Planning Poker

Planning Poker (also known as Scrum Poker) is a very popular technique proposed in 2002 by James Grenning. Each player uses a set of cards with Fibonacci sequence numbers on it to estimate the overall effort of a task in Story Points.

Planning Poker procedure

Take in mind that with great popularity came multiple variations of this technique, each team tend to adapt it for their needs. Classic procedure is as follows:

  1. The Product Owner provides a short overview of a user story that will be estimated by the team. The team can ask questions. Potential clarifications can influence the initial scope.
  2. Everyone from the team picks one card from his set (1, 2, 3, 5, 8, 13 …) and lays it face down in front of him.
  3. When everyone is ready, the team is turning over cards.
  4. Members with the highest and lowest estimates should justify their votes and discussion continues.
  5. Repeat steps 2-4 until a consensus is reached.

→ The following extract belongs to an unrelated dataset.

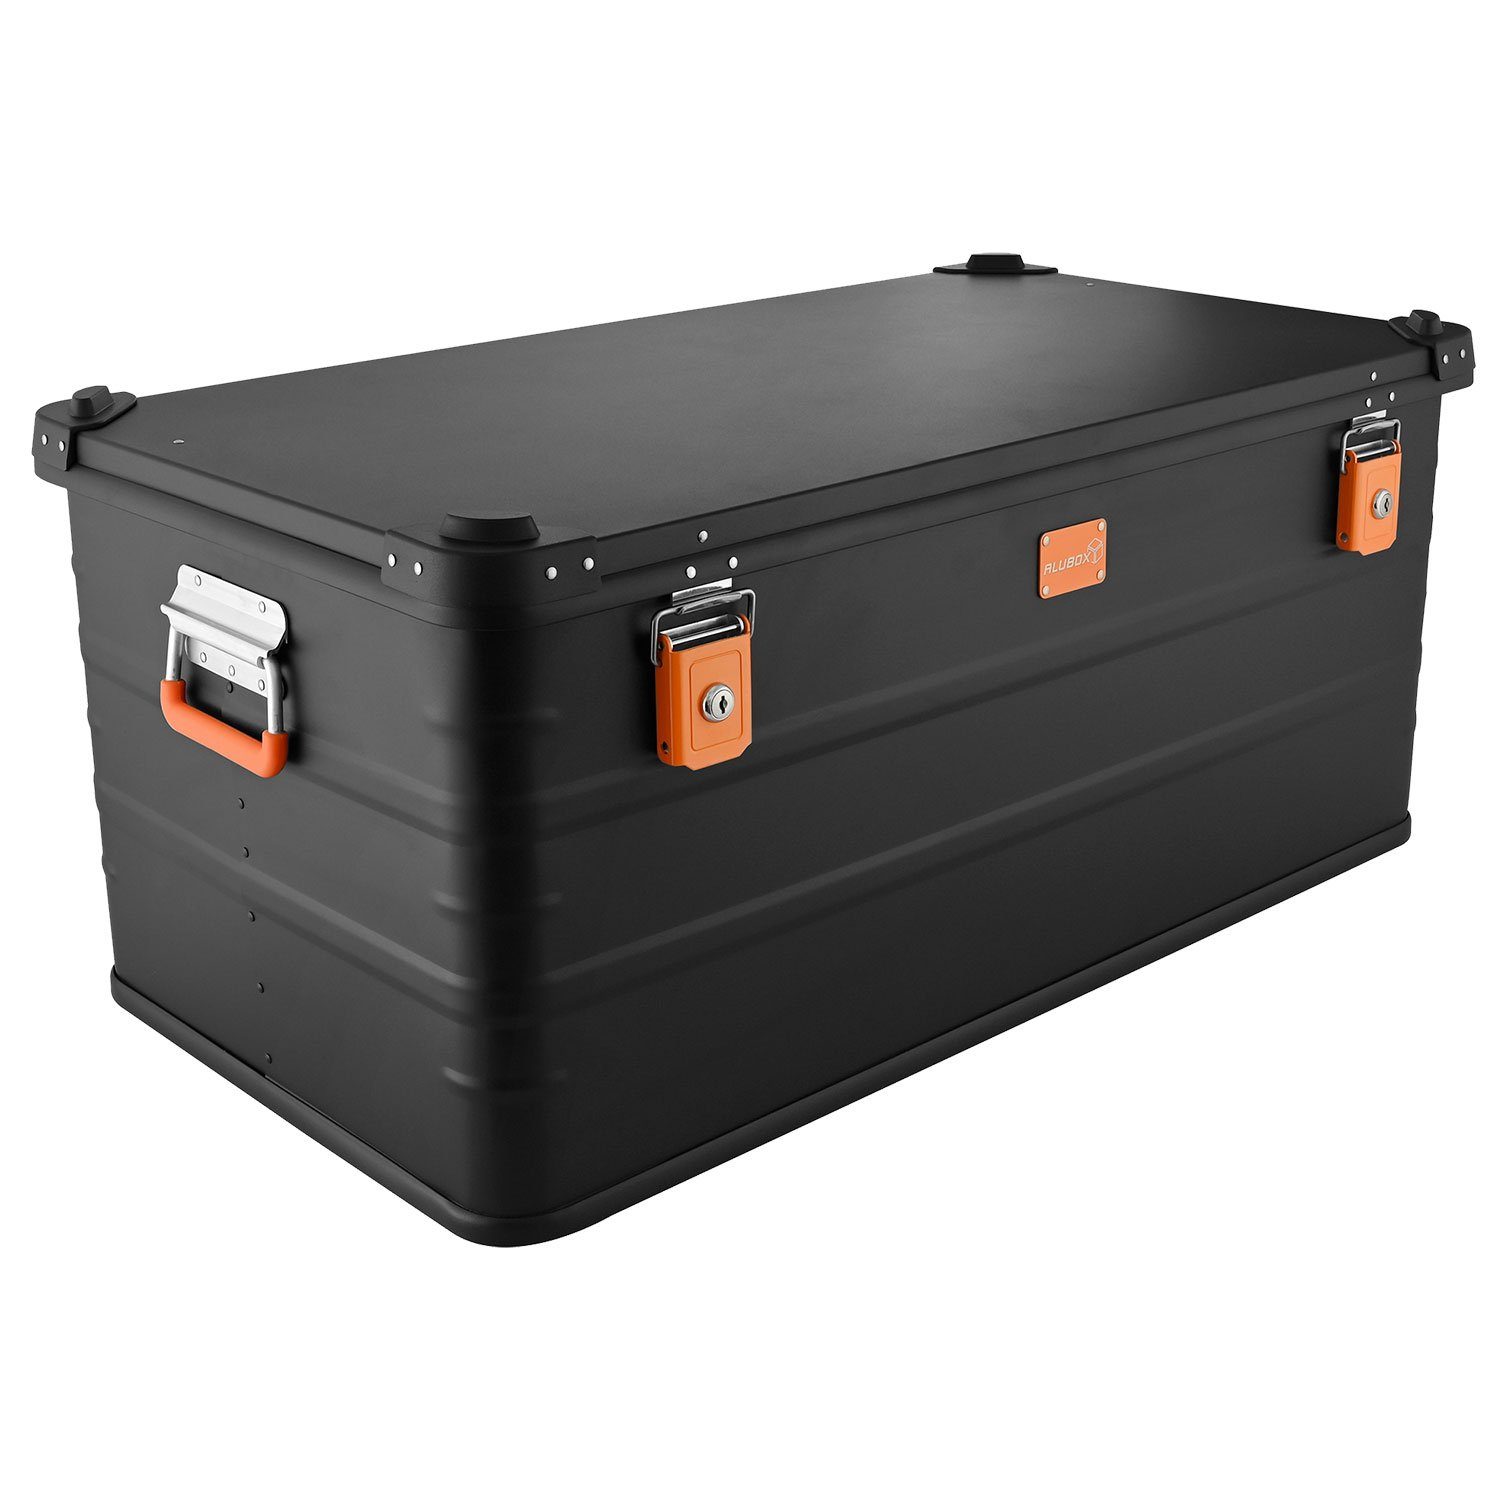 ALUBOX Aufbewahrungsbox Alukiste Tranportbox Premium E-Serie Black Edition (141 Liter), mit 2 Schlüsselschlösser

Mind the fact, that consensus doesn’t necessarily mean that everyone needs to put the same number. The team might just agree to disagree and put the average or largest number as an estimate.

When to use Planning Poker?

With a strong focus on the discussion, this approach helps to spread the common knowledge of user stories across the team. So Planning Poker is ideal for Scrum Teams, preferably when it is unknown which developer will deal with the issue.

This method shows high accuracy in estimations.

What are the disadvantages?

Although Planning Poker deals well with new features it throttles when it comes to unknown or uncertain things such as research or bugs.

Another important factor is that this is rather time-consuming. From my experience estimating one task often takes more than 15 minutes and the bigger team the longer it takes to find the consensus.